Deep in the heart of New York’s ultra-orthodox Hasidic Jewish community, Menashe, a kind, hapless grocery store clerk, struggles to make ends meet and responsibly parent his young son, Rieven, following his wife Leah’s death. Tradition prohibits Menashe from raising his son alone, so Rieven’s strict uncle adopts him, leaving Menashe heartbroken. Meanwhile, though Menashe seems to bungle every challenge in his path, his rabbi grants him one special week with Rieven before Leah’s memorial. It’s his chance to prove himself a suitable man of faith and fatherhood, and restore respect among his doubters.
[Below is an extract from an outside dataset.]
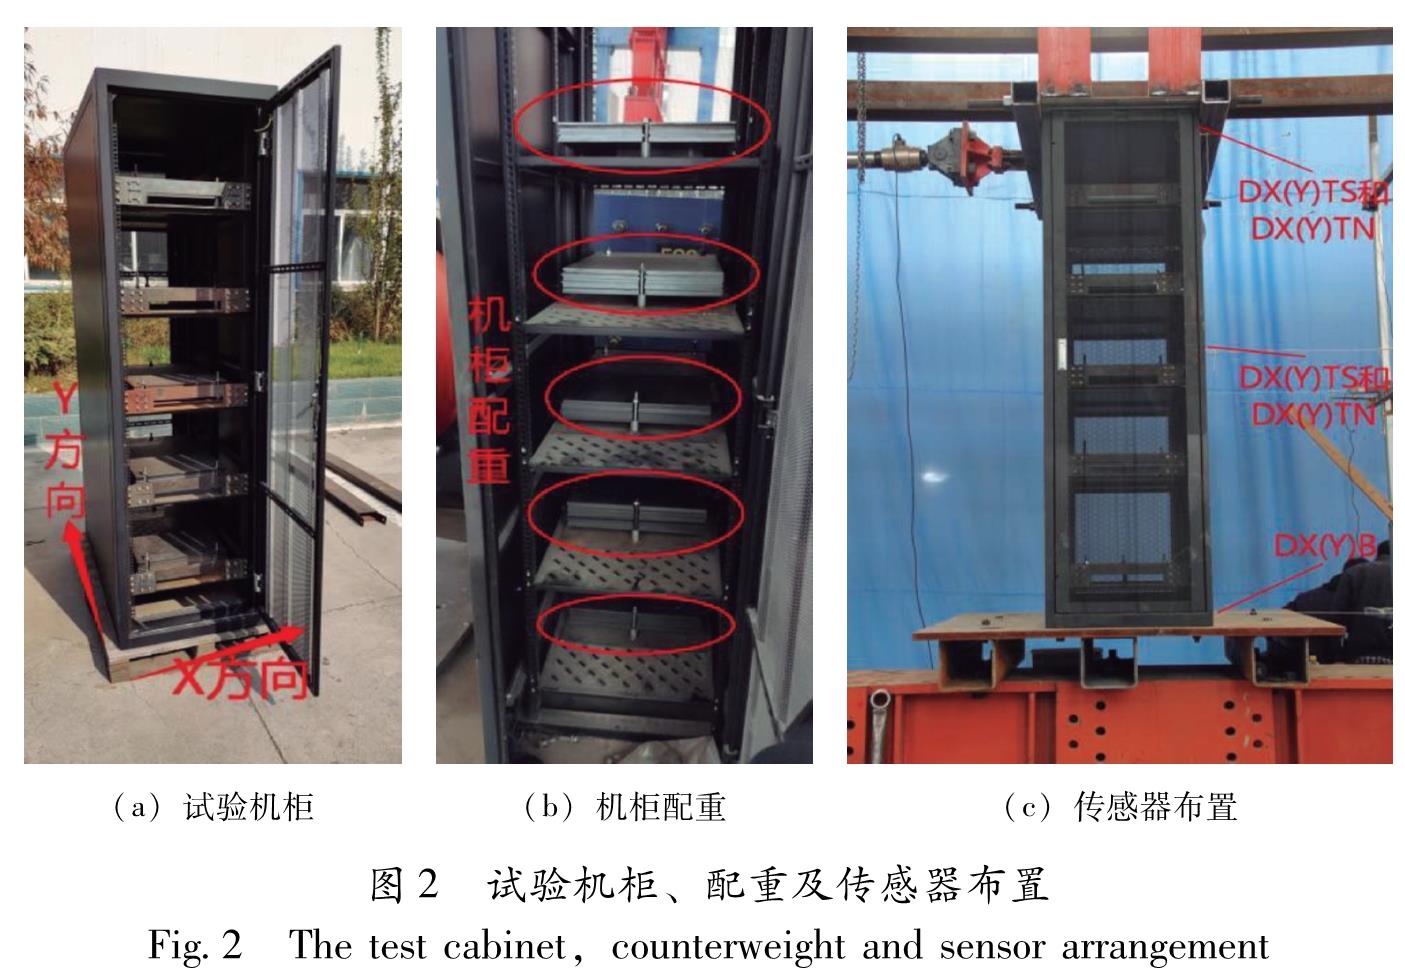 图2 试验机柜、配重及传感器布置<br/>Fig.2 The test cabinet,counterweight and sensor arrangement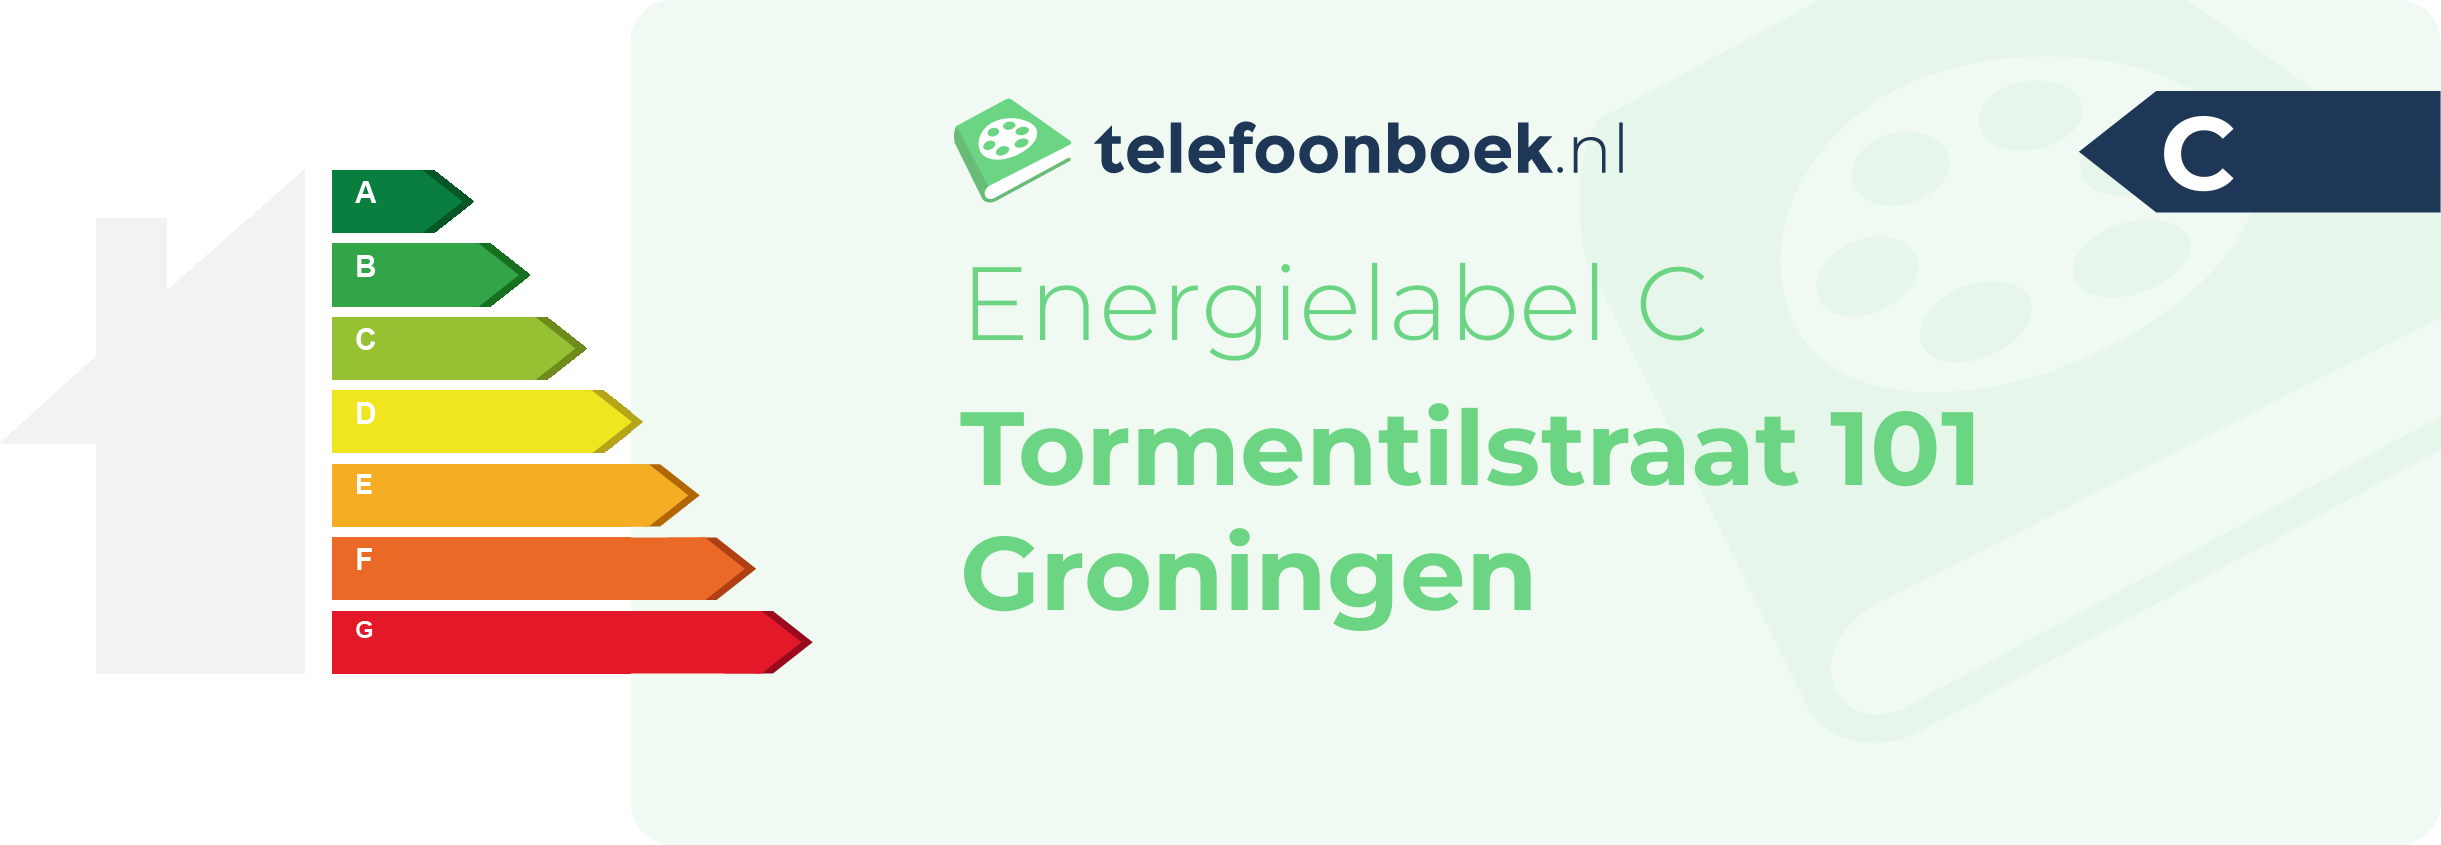 Energielabel Tormentilstraat 101 Groningen

“No Light and No Land Anywhere”
Director/Writer: Amber Sealey
Executive Producer: Miranda July
Cast: Gemma Brockis, Jennifer Lafleur, David Sullivan, Kent Osborne

Grieving her mother’s death and her own failing marriage, Lexi (Gemma Brockis) boards a plane from London to Los Angeles in search of the estranged father who abandoned her when she was three-years-old. Based out of a seedy Hollywood motel, she follows a tenuous trail of breadcrumbs, beginning with his aging former in-laws, collecting numbers and addresses in the hopes that one will lead to her father. Along the way, she establishes other unexpected connections: her father’s ailing former second wife (Deborah Dopp), her bitter half-sister Tanya (Jennifer Lafleur) and her caregiver girlfriend (Jade Sealey), and two local barflies (David Sullivan and Kent Osborne). A stranger in the City of Angels, Lexi’s reckless searching leads to cautious discoveries in this atmospheric and introspective quest. “No Light and No Land Anywhere” is an assured exploration of the ties that bind us to (and unbind us from) the people we love, and to the people we wish would love us back.

“The Hero”
Director: Brett Haley
Writers: Brett Haley, Marc Basch
Producers: Houston King, Sam Bisbee, Erik Rommesmo
Cast: Sam Elliott, Laura Prepon, Krysten Ritter, Nick Offerman, Katharine Ross

Lee Hayden (Sam Elliott) is an aging Western icon with a golden voice, but his best performances are decades behind him. He spends his days reliving old glories and smoking too much weed with his former-co-star-turned-dealer, Jeremy (Nick Offerman), until a surprise cancer diagnosis brings his priorities into sharp focus. He soon strikes up an exciting, contentious relationship with stand-up comic Charlotte (Laura Prepon), and he attempts to reconnect with his estranged daughter, Lucy (Krysten Ritter), all while searching for one final role to cement his legacy.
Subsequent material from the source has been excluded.